The six-month annualized change in the index held at -0.7 percent from January. Although the month was the third consecutive negative value, the measure is far from the -2.0 percent change that signals a recession, the agency said.

 

The negative signals so far in 2015 reflect in part the relative strength seen last year in average manufacturing hours, diesel fuel consumption and the agricultural future profits index (AFPI). So far, growth in these three areas is not matching the pace of growth in 2014. However, manufacturing hours are still well above historical values and diesel consumption continues to grow, just at a slower pace.

 

The two largest positive contributors in February were the Iowa stock market index and new residential building permits. Negative contributors to the Iowa Leading Indicators Index in February were the AFPI, average weekly manufacturing hours and diesel fuel consumption, and the new orders index.

 

The new orders index, which measures future manufacturing demand, decreased from 53.3 in January to 49.2 in February, after two months of increases.

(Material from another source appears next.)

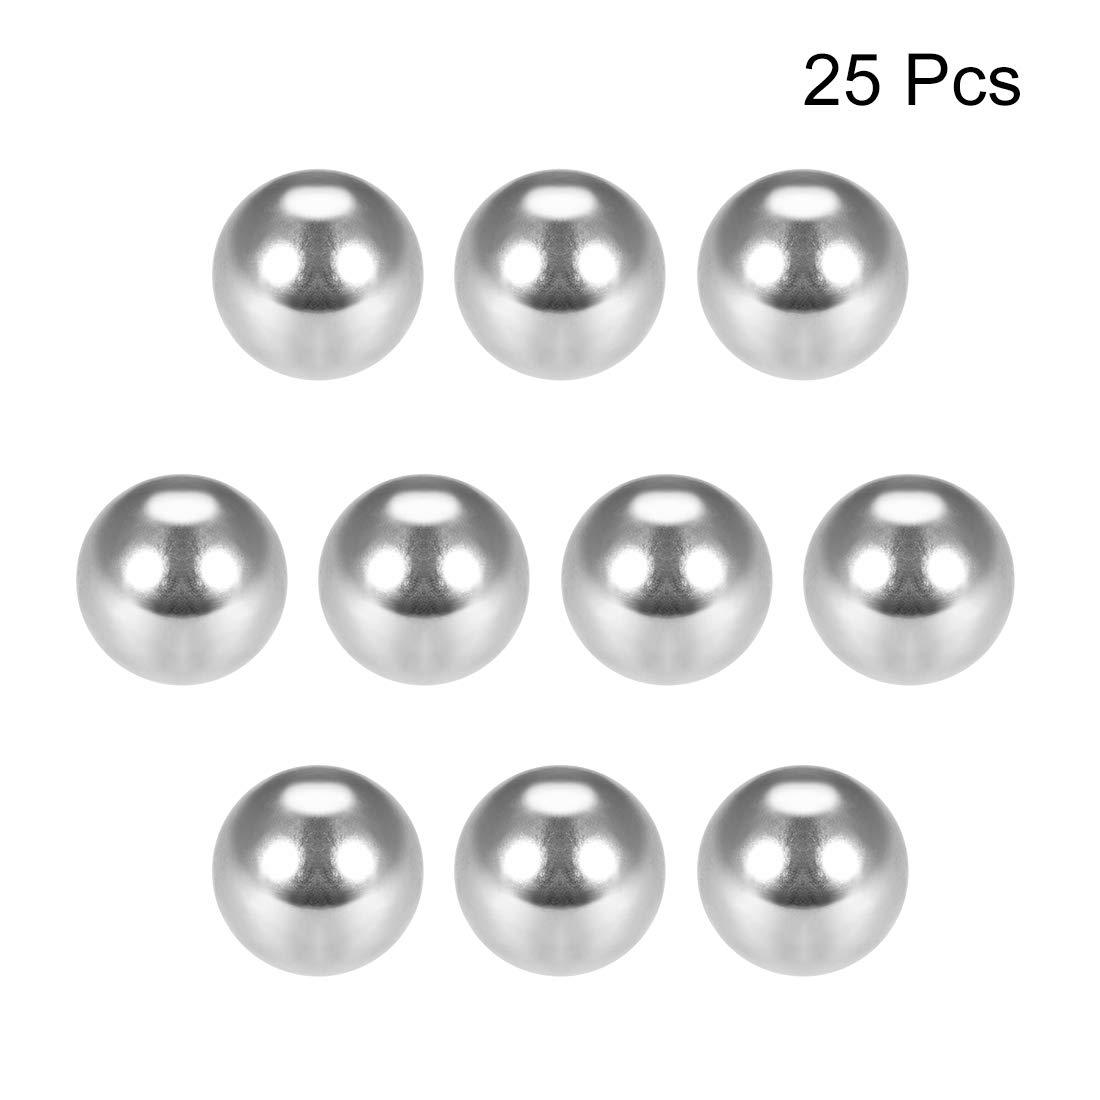 Sourcing Map G25 Roulement /à billes de pr/écision en acier chrom/é 100pcs 1mm
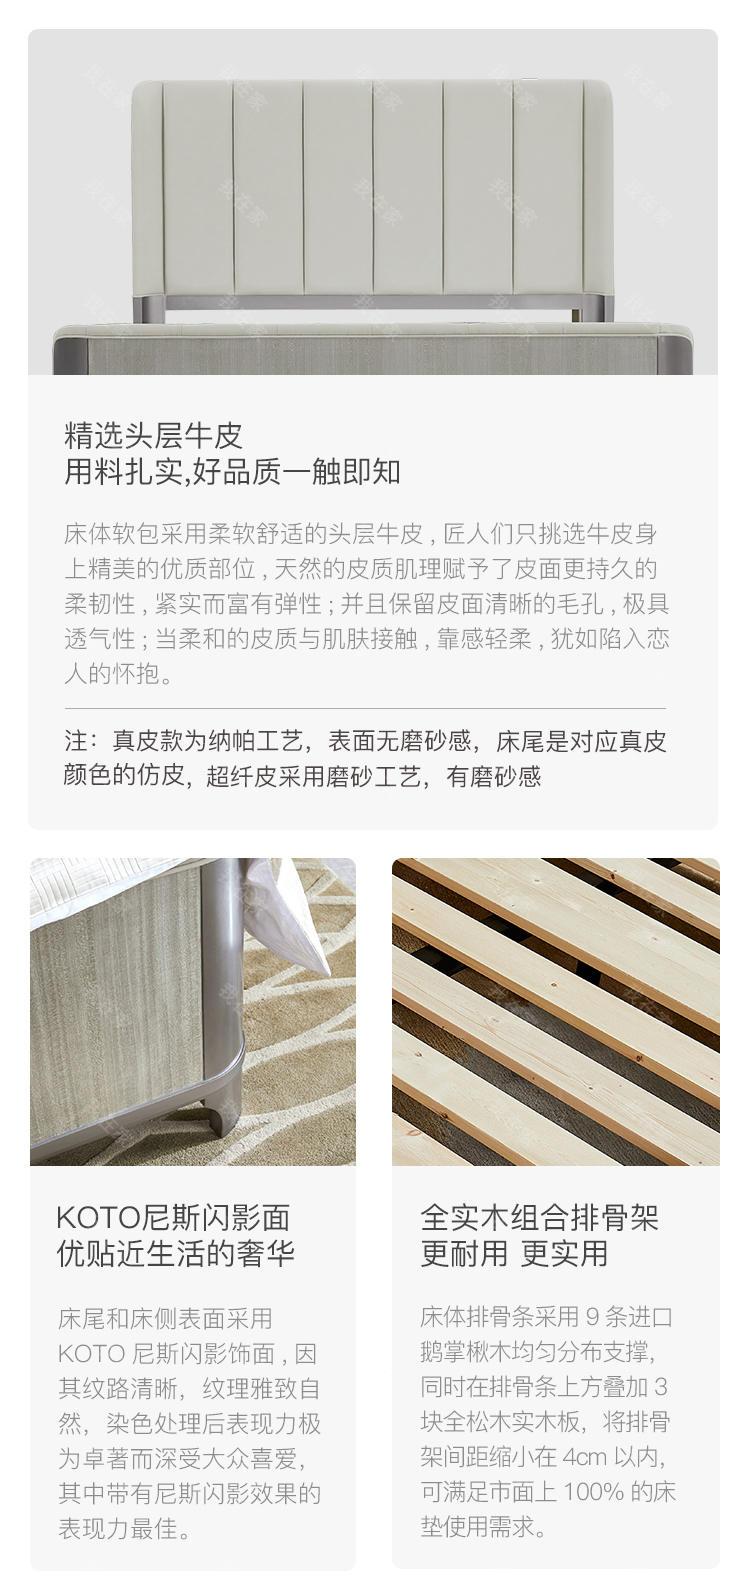 轻奢美式风格希尔顿双人床的家具详细介绍

This is the fourth time in the last six months where the index was below 50. The recorded 49.2 value fell well short of the 66.5 value seen one year ago.

 

The new orders index has been a negative contributor to the index every month since December 2013. Ernie Goss of Creighton University’s Heider College of Business, who compiles the new orders index, observed that durable goods producers, including agriculture machinery and metal manufacturers, continue to suffer pullbacks in jobs and economic activity for the month.